The fact of the matter is that Beijing is resorting to carrot-and-stick policy to deal with Bhutan. Earlier it tried to lure Thimphu but now it has intensified its bully tactics by building roads, bridges and villages on the Bhutanese territory.
China is not happy with the talk of inclusion of India in a possible trilateral talk over Doklam. It wants to resolve all territorial disputes with Bhutan only with Bhutan on board.
How the issue plays out in the days ahead is a Sudoku but clearly China's Bhutan card has a message for India. It can be seen as a message of intimidation or harassment, as a columnist for The Quint wrote, or an impending security threat as some other commentator termed it.

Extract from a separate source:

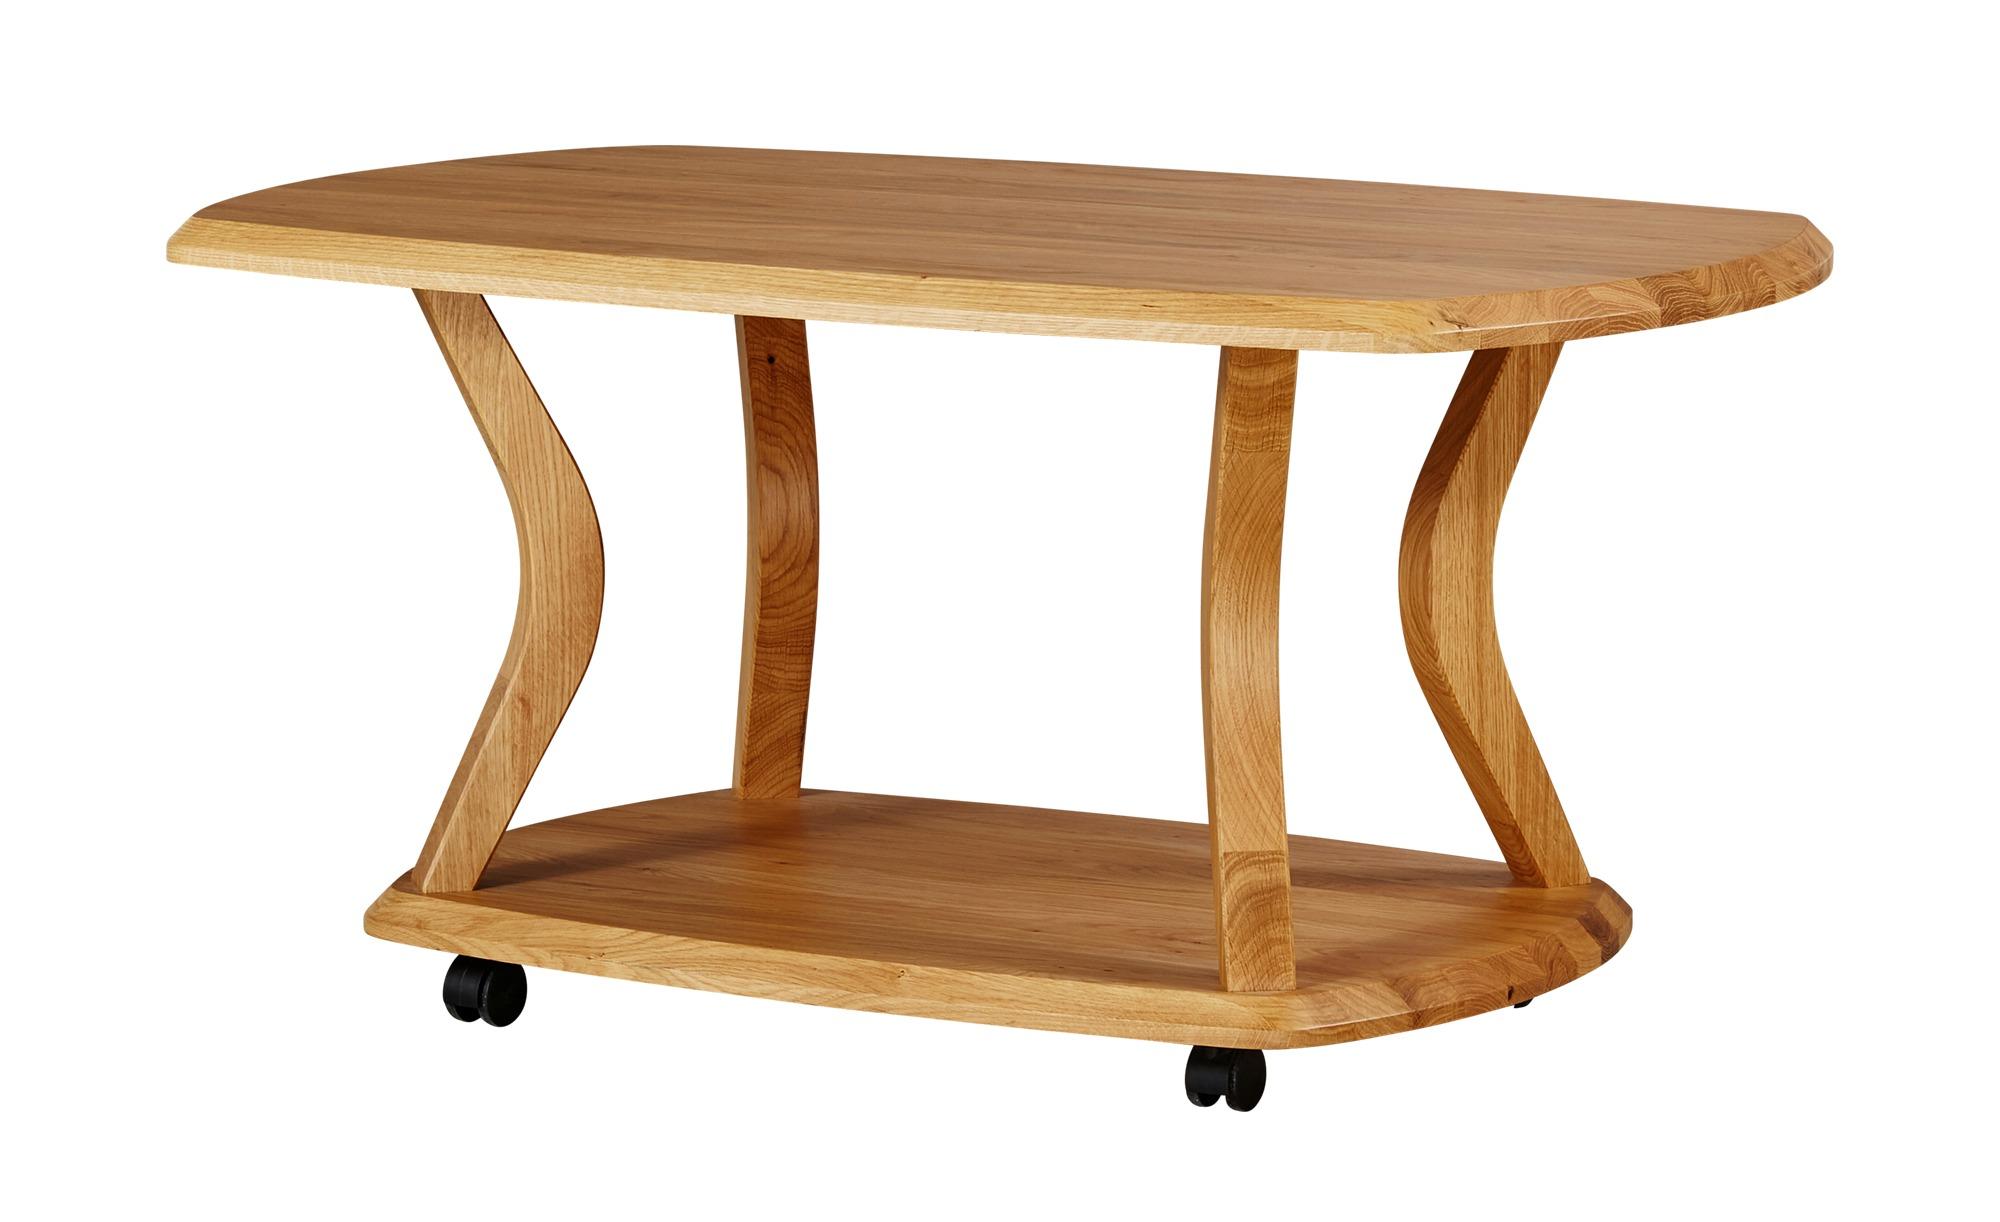 Couchtisch  Heka ¦ holzfarben ¦ Maße (cm): B: 100 H: 48 T: 60 Tische > Couchtische > Couchtisch Massivholz - Höffner   Wohnzimmer > Tische   Holzfarben   Holz   Möbel Höffner DE
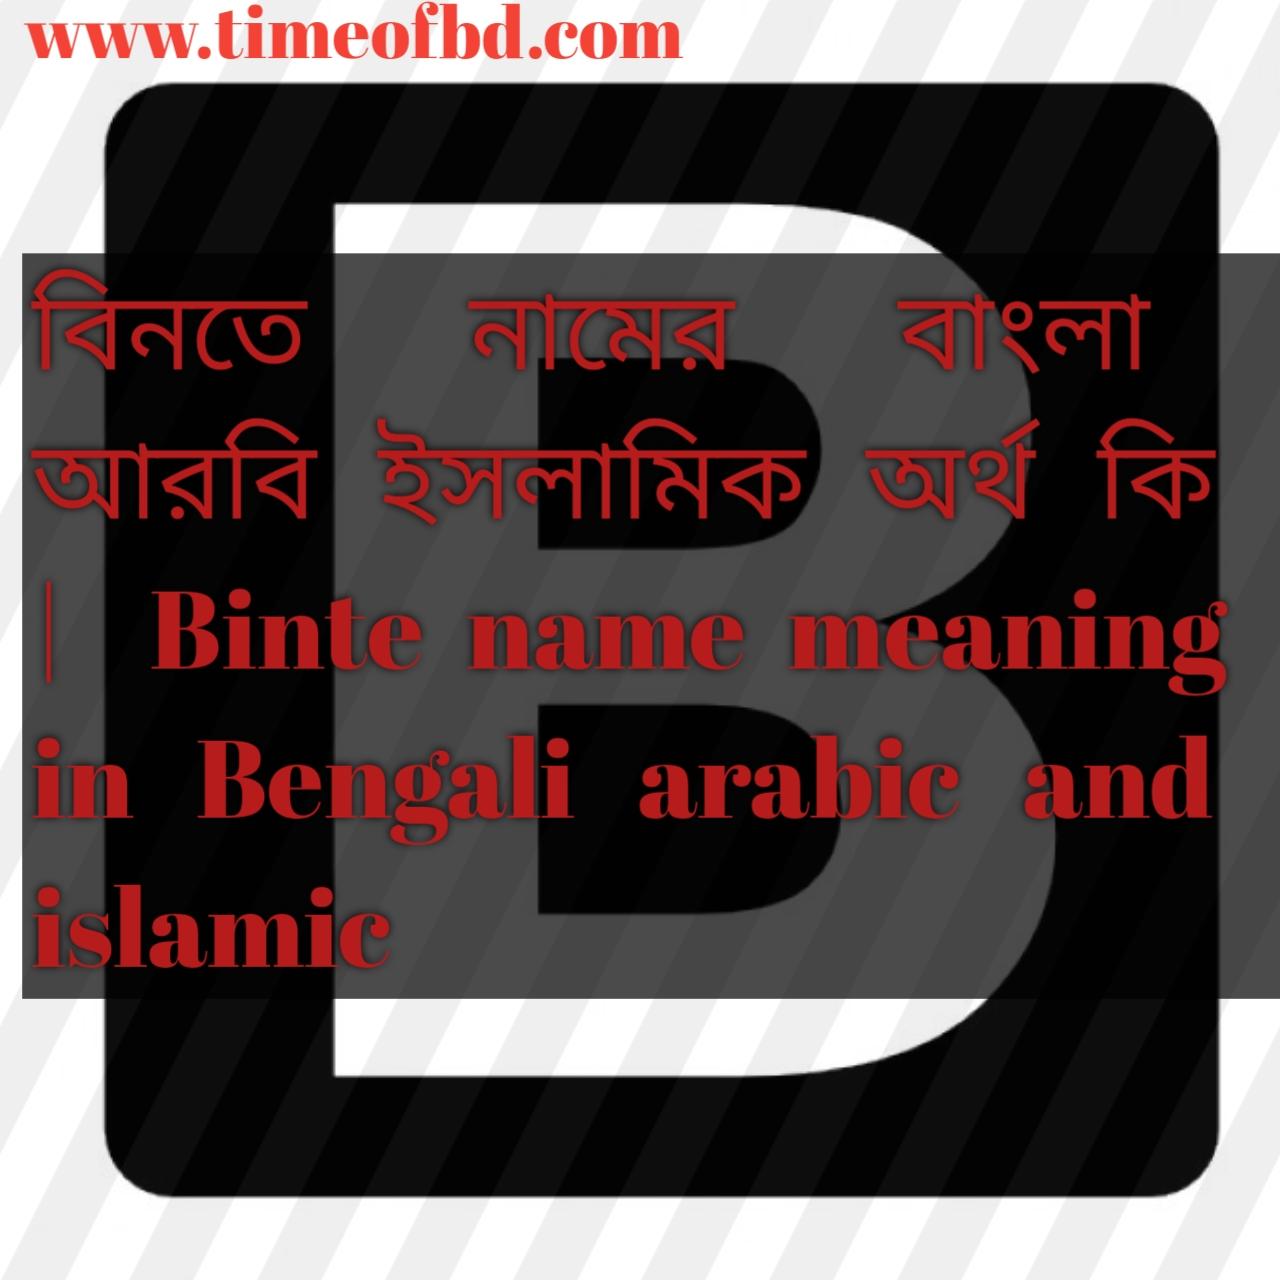 বিনতে নামের অর্থ কি, বিনতে নামের বাংলা অর্থ কি, বিনতে নামের ইসলামিক অর্থ কি, Sumaiya name in Bengali, বিনতে কি ইসলামিক নাম

One thing is clear though. It is that "China's border talks with Bhutan are aimed at India."
This Beijing speak is a development New Delhi has to factor in its stride since both countries are locked in a military standoff on the Line of Actual Control (LAC) that is into its fourth year.
Also, because, as a Foreign Policy magazine commentary said, "China-Bhutan talks are a part of Chinese strategy to gain crucial advantage over India".
Put simply, not only New Delhi but also the members of the Quadrilateral Security Dialogue (Quad) should activate their eyes in the sky and ears on the ground in their larger interest of preparedness.